Diagnostiek

Wanneer maak je röntgenfoto's en panoramische opnamen bij kinderen? De aanbevelingen uit de module Diagnostiek van de richtlijn Mondzorg voor jeugdigen helpt je keuzes maken.
Kind met röntgenfoto

Wat is na de visuele inspectie de meerwaarde van gebruik van detectieapparatuur voor diagnostiek van (approximale) cariëslaesies (bitewing, FOTI, DIFOTI, laserfluorescentie) bij kinderen van 4 tot en

Aanbevelingen

De volgende onderzoeksmethoden worden aanbevolen om cariëslaesies bij kinderen te kunnen vaststellen:

  • Voer bij elk periodiek mondonderzoek (PMO) cariësdiagnostiek uit door middel van visuele inspectie en leg de bevindingen vast in het patiëntendossier.
  • Maak de eerste bitewings vanaf een leeftijd van 4 tot en met 6 jaar wanneer er zowel
    • een verhoogd risico op aanwezigheid van cariëslaesies wordt vermoed als
    • de approximale vlakken niet toegankelijk zijn voor visuele inspectie
  • Verkort de controletermijn, indien het tijdens het PMO niet mogelijk is om adequate cariësdiagnostiek uit te voeren.

Wat is per combinatie van leeftijd en cariësrisicogroep de optimale frequentie voor het gerechtvaardigd maken van bitewings voor cariësdiagnostiek?

Aanbevelingen

  1. Het optimale interval voor het maken van vervolgbitewings voor cariësdiagnostiek hangt af van de gebitssituatie, de prognose van (initiële) cariëslaesies en het geschatte cariësrisico.
  2. Als alle bevindingen (de gebitssituatie, de prognose van initiële cariëslaesies en het geschatte cariësrisico) een ongunstig beeld geven kan een interval van 1 jaar tot het maken van vervolgbitewings gerechtvaardigd zijn; geven alle bevindingen een gunstig beeld dan is een termijn van 3 jaar of langer gerechtvaardigd.
  3. Bij elk periodiek mondonderzoek (PMO) moeten de overwegingen waarop de intervaltermijn voor het maken van vervolgbitewings gebaseerd was, opnieuw gemaakt worden.
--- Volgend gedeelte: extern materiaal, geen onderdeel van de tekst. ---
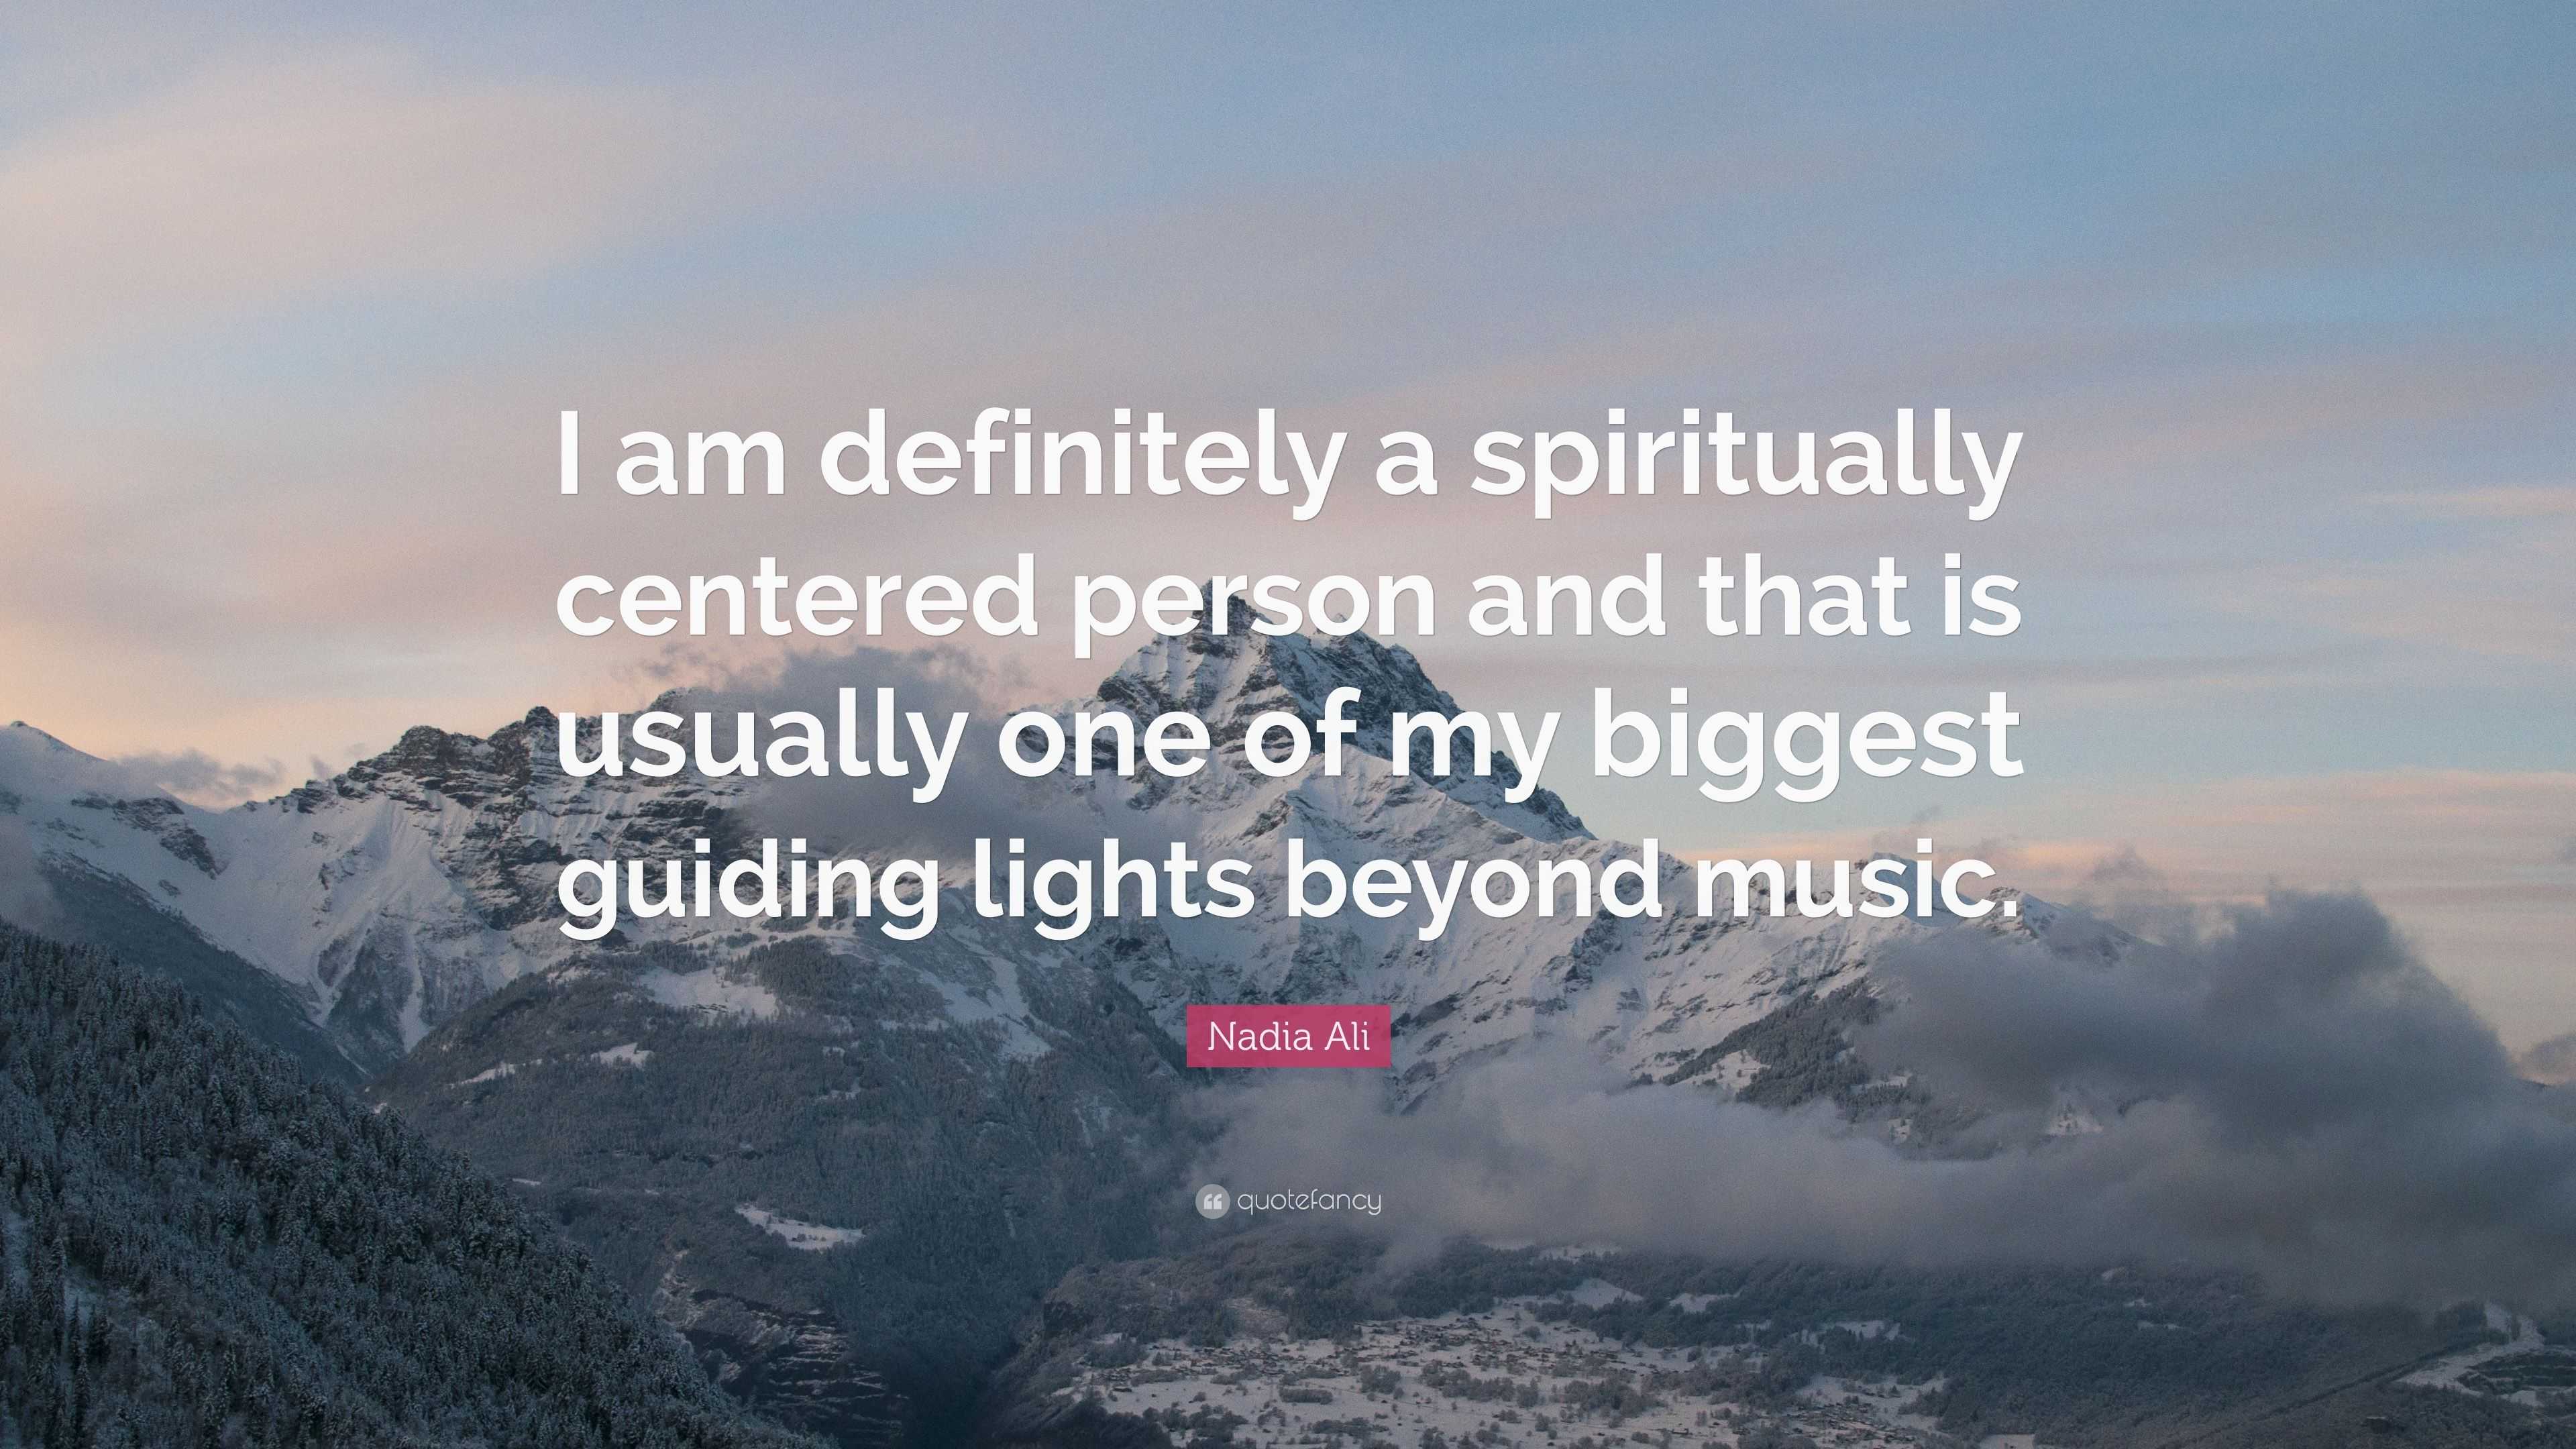 Nadia Ali Quote: “I am definitely a spiritually centered person and that is  usually one of

Dit kan aanleiding geven tot een verkorting of een verlenging van de voorgenomen termijn. Indien besloten wordt de voorgenomen termijn te bekorten dan wel te verlengen, dan dient de oorzaak hiervan geïdentificeerd en in het patiëntendossier vastgelegd te worden. 

Draagt een PAN bij aan een effectieve behandeling van de, bij visuele inspectie, vastgestelde afwijkingen in de doorbraak van blijvende gebitselementen?

Aanbevelingen

  1. Bestudeer vastgestelde afwijkingen in de doorbraak van de blijvende gebitselementen op de reeds aanwezige bitewings en solo-opnamen in het patiëntendossier. Indien dit onvoldoende informatie geeft, overweeg dan eerst (een) intra-orale opname(n).
    Mochten hier meer dan drie opnamen nodig zijn, overweeg dan een kleinveldPAN.
  2. Indien extractietherapie van de eerste blijvende molaar nodig is, in meer dan één kwadrant, dan kan een kleinveldPAN bijdragen aan een effectieve behandeling.

Zijn er risicogroepen te identificeren waarbij het vervaardigen van een PAN meer gerechtvaardigd is in vergelijking tot andere groepen?

Aanbevelingen

  • Bij kinderen (0 tot 18 jaar) is het maken van een PAN, behalve bij orthodontische en kaakchirurgische behandelingen die niet in deze KPR zijn opgenomen, slechts in enkele gevallen gerechtvaardigd als
    • het niet mogelijk is om intra-orale röntgenfoto’s te maken, bijvoorbeeld bij patiënten met een lichamelijke, verstandelijke of gedragsmatige beperking, extreme angst, ernstige kokhalsreflex;
    • er sprake is van dentofaciaal trauma, met dien verstande dat wanneer de kans groot is dat de patiënt, in verband met dit trauma, verwezen wordt naar een MKA-chirurg, dit achterwege gelaten wordt. De behandelaar maakt de PAN;
    • post-canien 3 intra-orale röntgenfoto’s ontoereikend zijn, door de grootte van het te diagnosticeren gebied;
    • er sprake is van multiple agenesieën, schisis of syndromen waarbij craniofaciale/orale afwijkingen te verwachten zijn zoals verwoord in OMIM. Deze patiënten worden meestal in teamverband begeleid en het indiceren van de PAN gebeurt veelal in de bijzondere tandheelkunde of orthodontie.